▶ **THE PROBLEM**: Reproduce the data below in full and exclude every picture.

▶ **DATASET EXCERPT**:
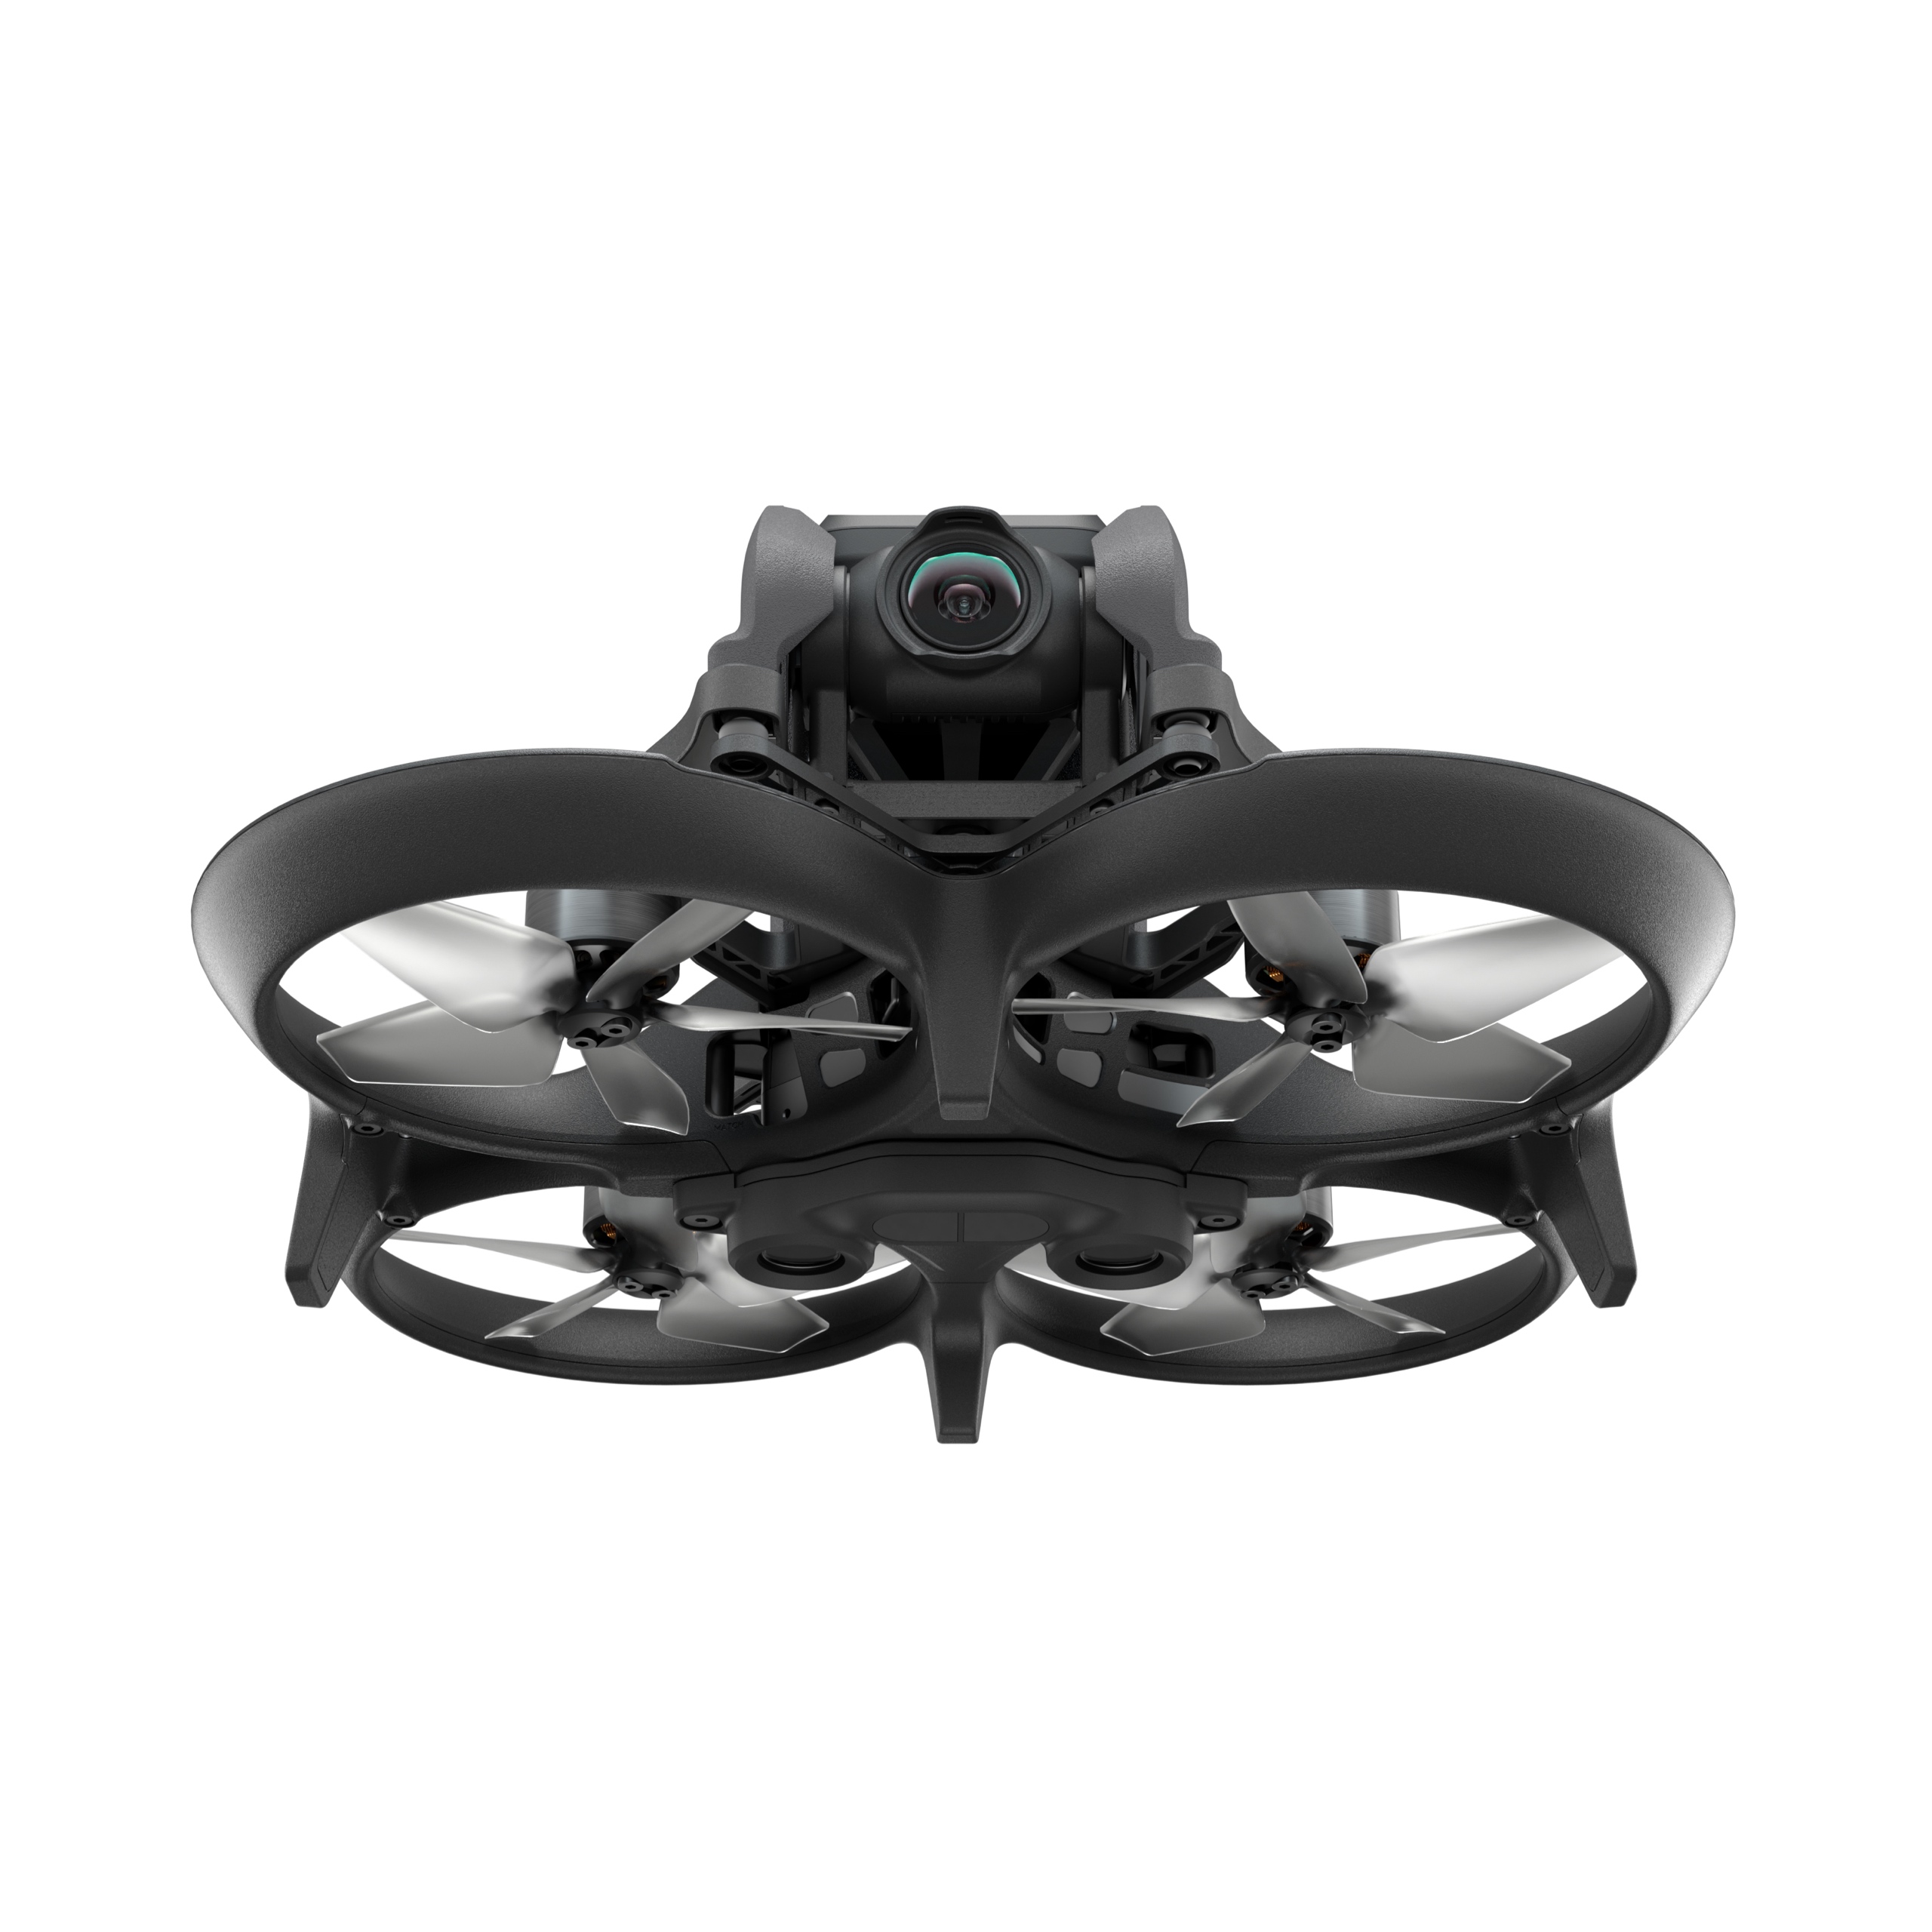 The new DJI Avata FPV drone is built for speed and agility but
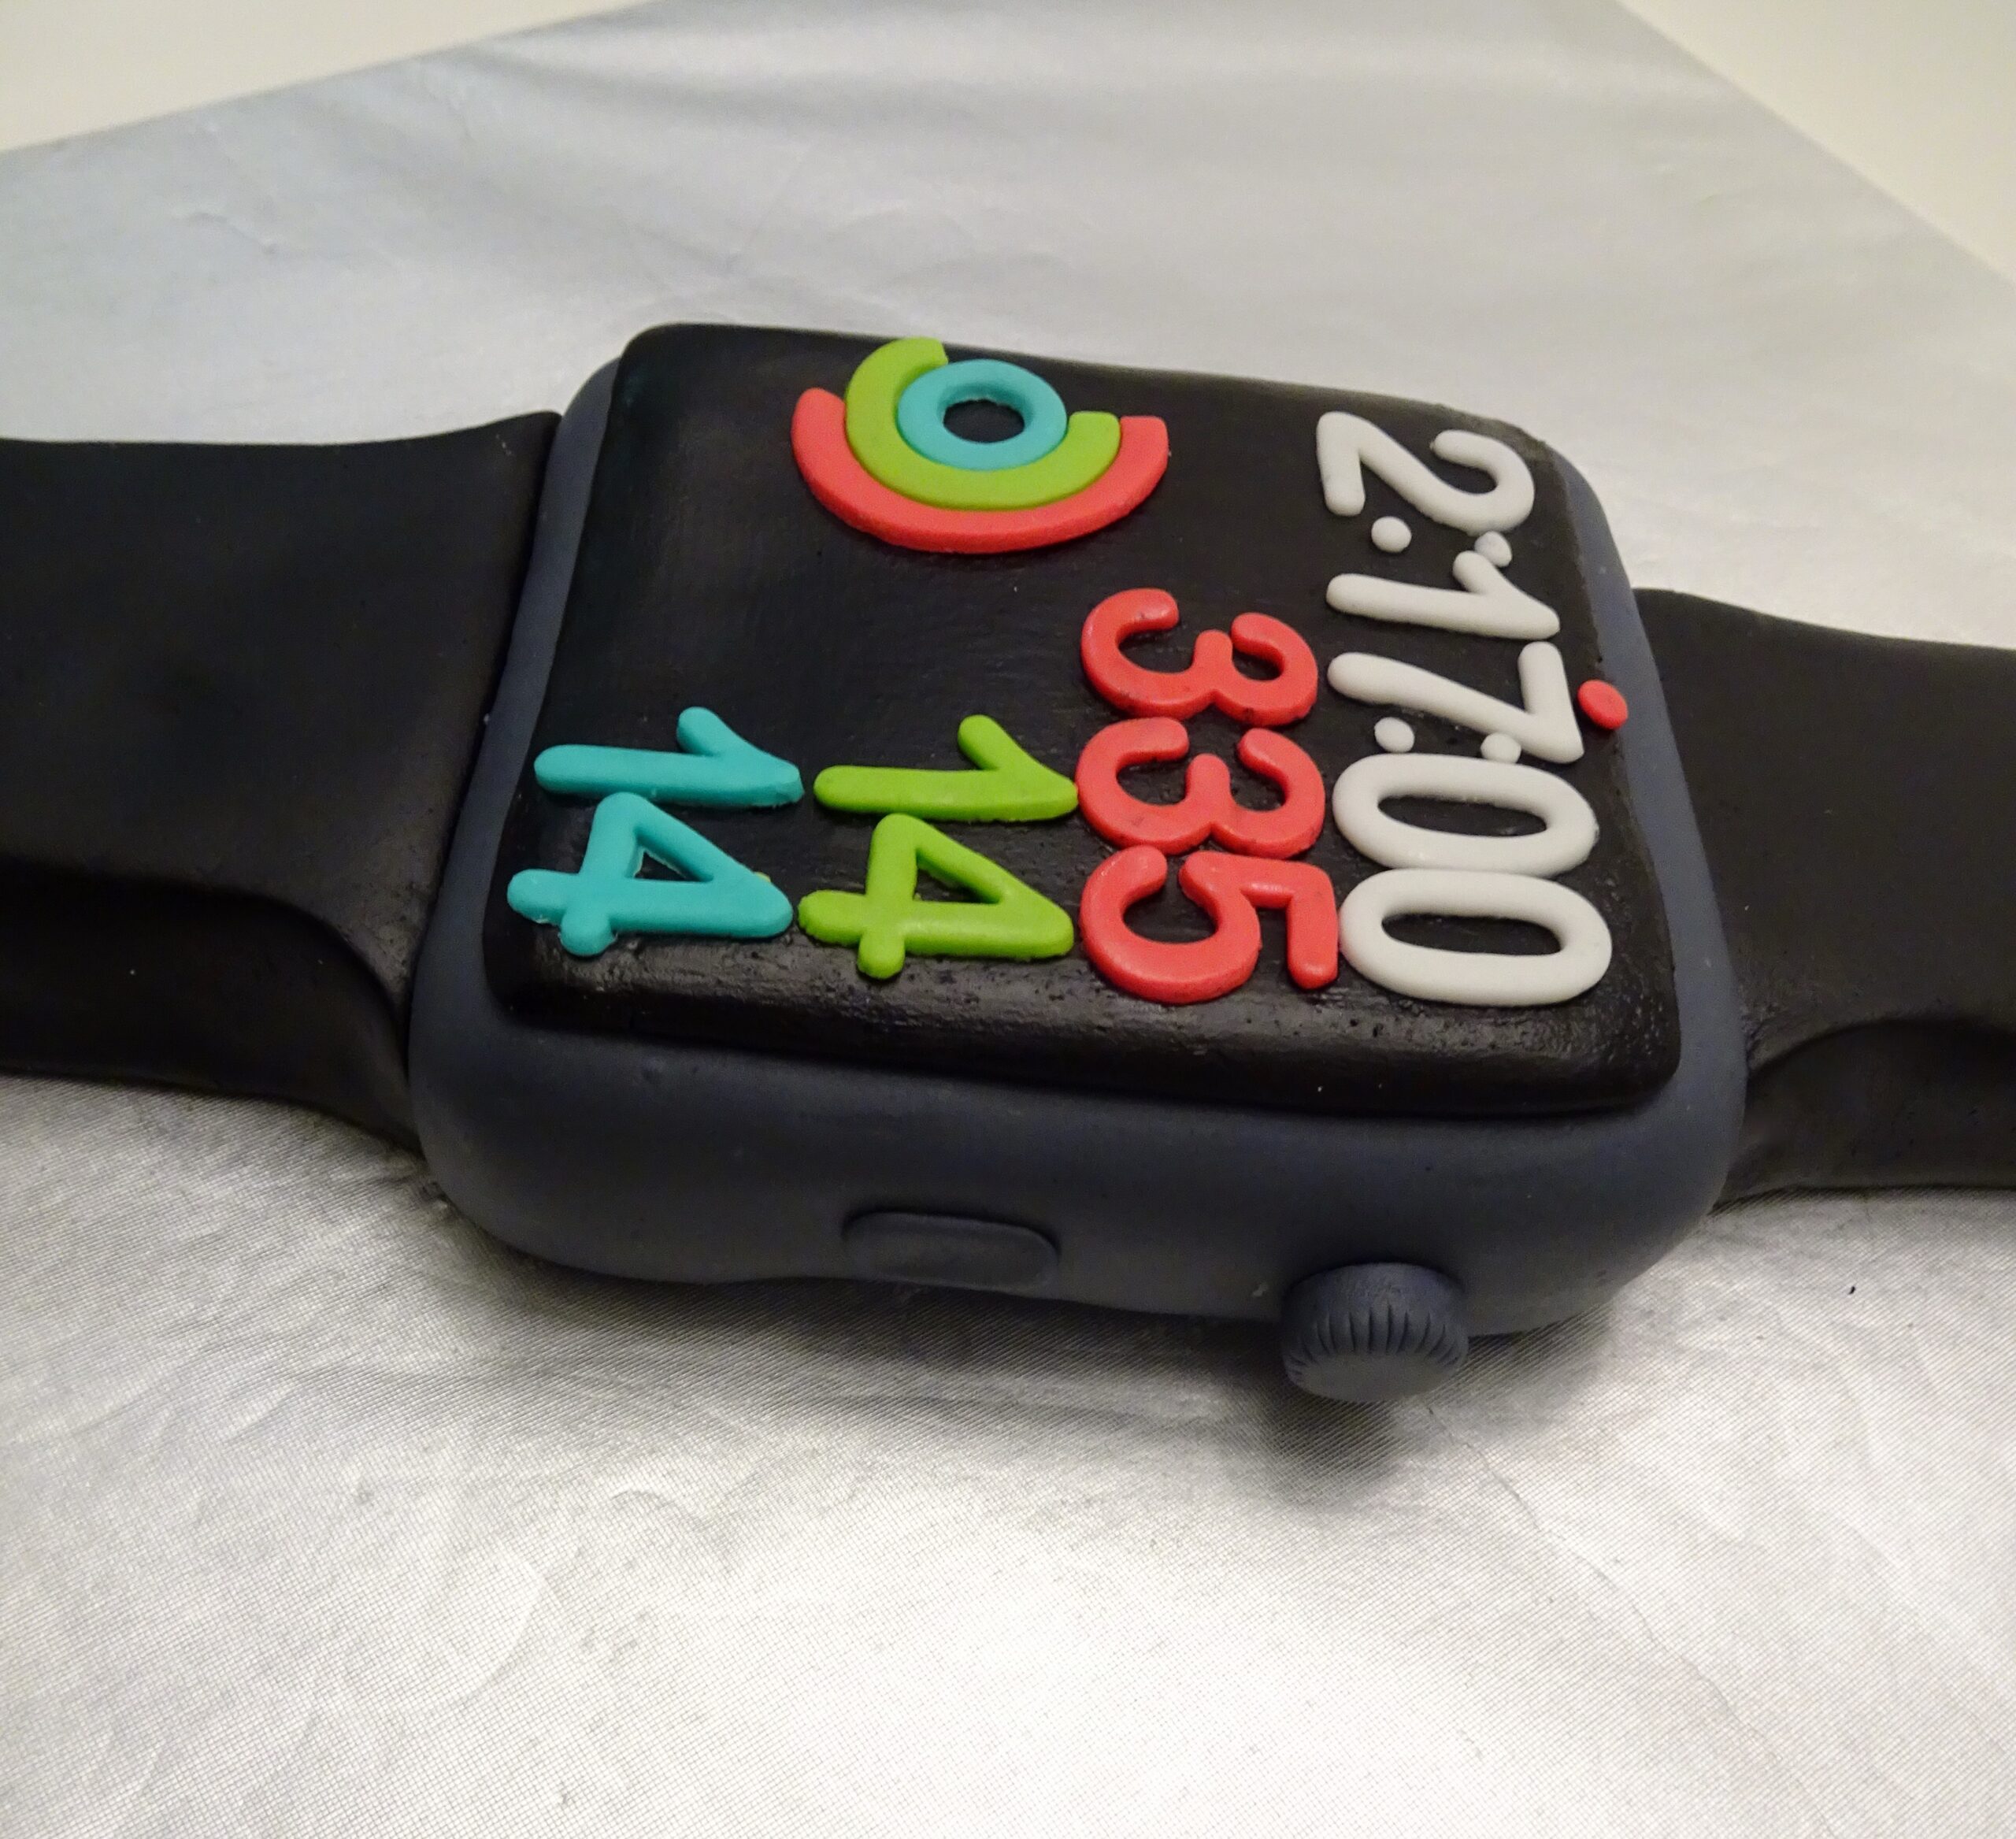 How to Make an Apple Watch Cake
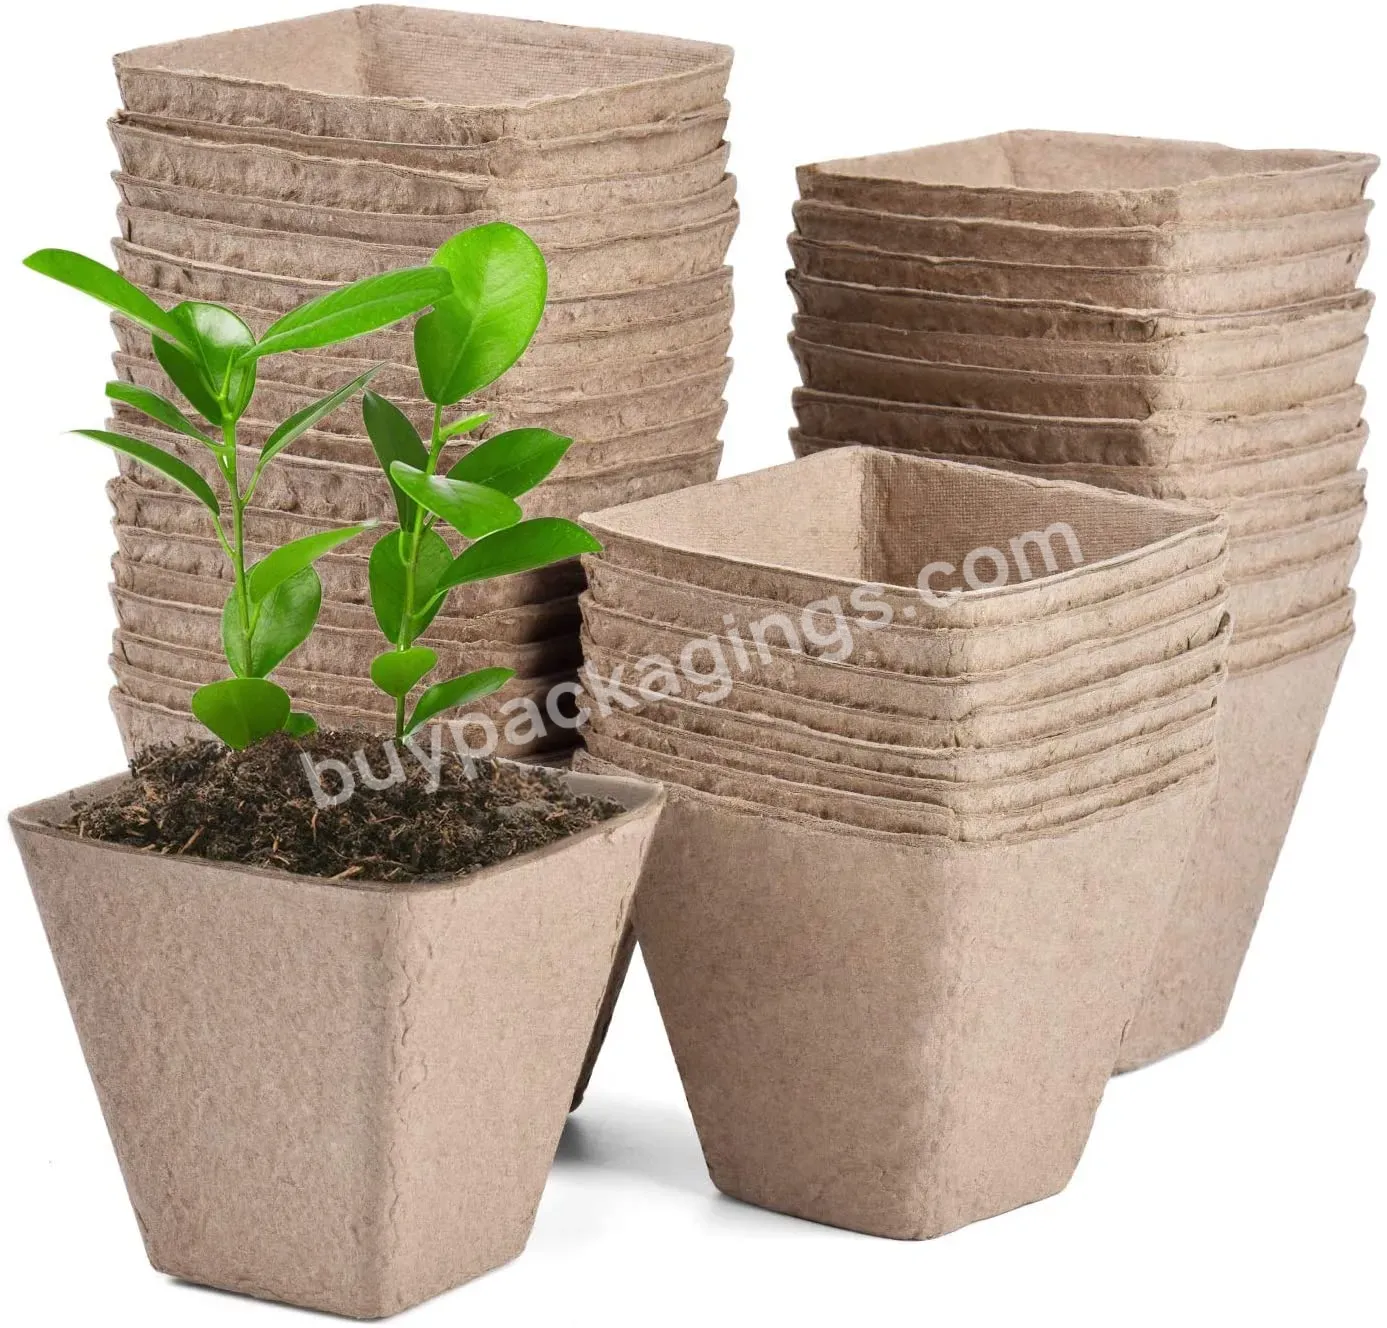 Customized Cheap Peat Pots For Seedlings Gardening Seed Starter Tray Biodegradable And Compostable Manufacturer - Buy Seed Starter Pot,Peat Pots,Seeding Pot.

▶ **ANSWER BOX**:
 The new DJI Avata FPV drone is built for speed and agility but
 How to Make an Apple Watch Cake
 Customized Cheap Peat Pots For Seedlings Gardening Seed Starter Tray Biodegradable And Compostable Manufacturer - Buy Seed Starter Pot,Peat Pots,Seeding Pot.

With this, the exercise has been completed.